Blessed Fridays. Why couldn’t all days in a week be Fridays?
The day of the retreat had finally come. I had been waiting for this day in like, forever. Finally, I’d be able to go back to Bantayan and experience the beaches I had been planning to go to but failed to do so because of time constraints and the people who I was supposed to go with. Sure, I was into traveling but I just couldn’t do it without a friend or two to accompany me.
All the teachers who were assigned to attend the retreat were already in the audio-visual room for the meeting and the final preparations. The school bus would pick us up at five, taking us to Hagnaya port in more or less four to five hours. The student council officers were ready with their things and had had their consent forms all signed. I’d surely enjoy myself even with the cumbersome conjunction of minding the students’ security.
Including Finlay. Especially Finlay.
The school’s AVR was not spacious; they had to move the equipment to the sides to give enough room for us in the middle to conduct the meeting.
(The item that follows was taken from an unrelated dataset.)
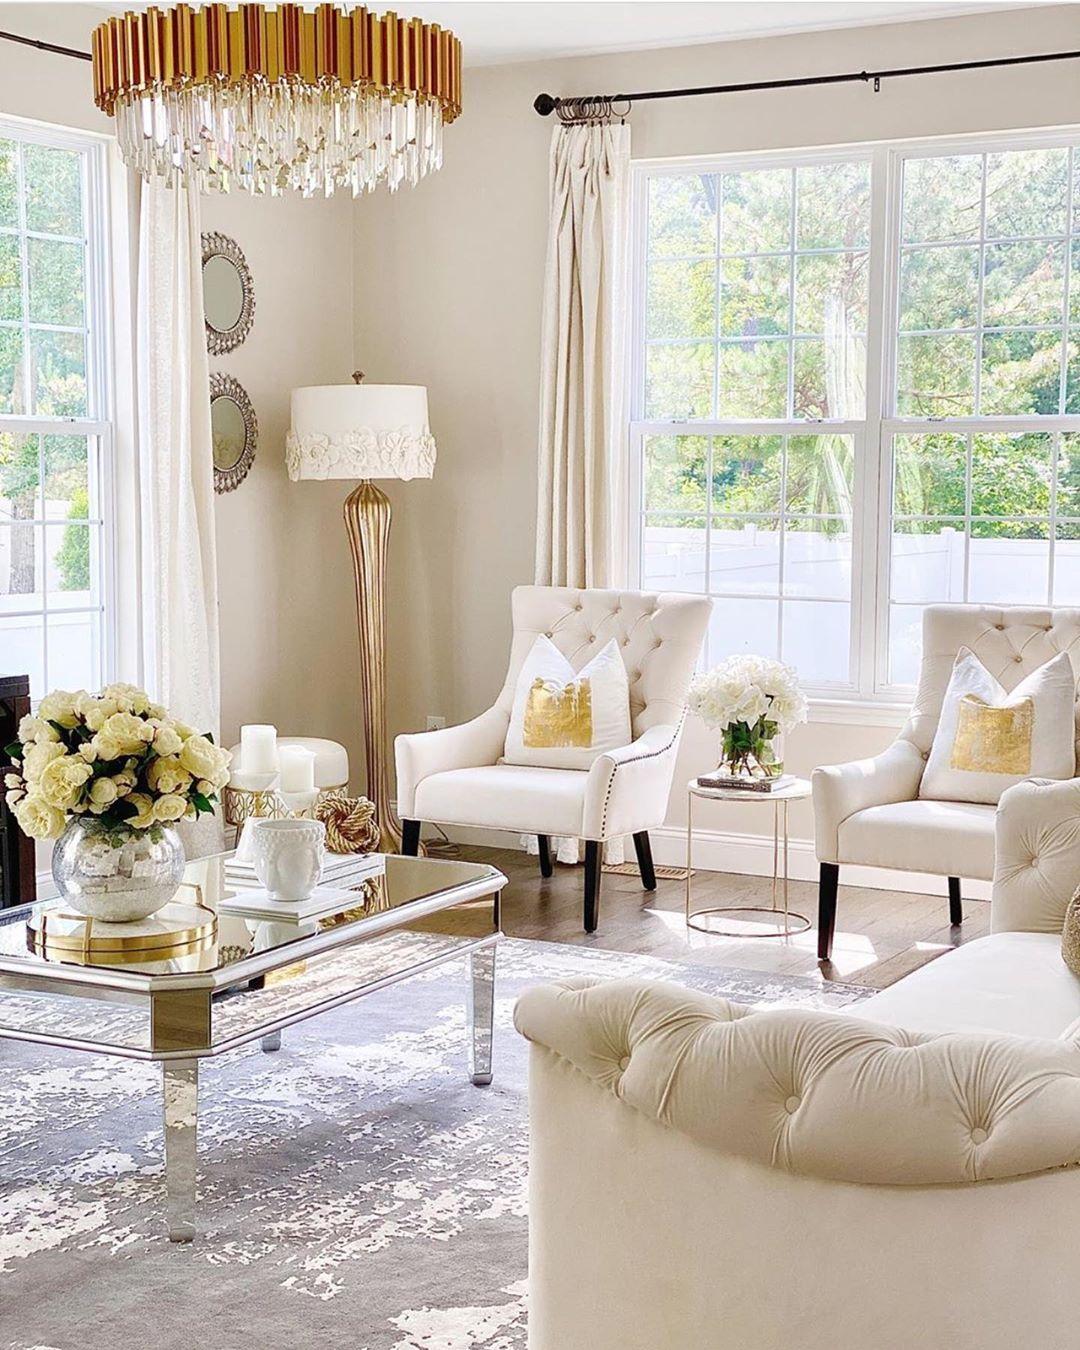 Cojines decorativos en blanco y dorado con sillones en beige

The atmosphere kind of reminded me the first time I attended an open forum during high school—serious and solemn but at the same time ghastly. Chairs were dotting the middle area with some teachers already sitting and waiting for teacher Mary to arrive and officially start the meeting. Veruca was waving at the back portion of the room, gesturing for me to come. She surely could come in handy at times like this.
I sat beside her on one of the chairs she had reserved for us. Blanch and Arjun were not yet around. Perhaps they were prepping their stuff for the retreat. I spotted Chevonne talking with Jelly and her gang in the front row seats.
“Okay, everyone, may I have all of you properly seated,” teacher Mary instructed as soon as she stepped inside the room. She was impeccably dressed in our Friday uniform. This was the only day that I liked our dress code because we only had to wear our last Teachers’ Day outfit, which was an orange polo-shirt with an ‘ANHS teacher’ print on it. Our names were also printed at the topmost part of the back. “To start the meeting, let’s have teacher Selena for the opening prayer.”
We all bowed our heads, and most of us did the sign of the cross. Teacher Selena led the prayer. The silence, together with the mood of the room, took this simple prayer to something too surreal to explain. We took our seats right after.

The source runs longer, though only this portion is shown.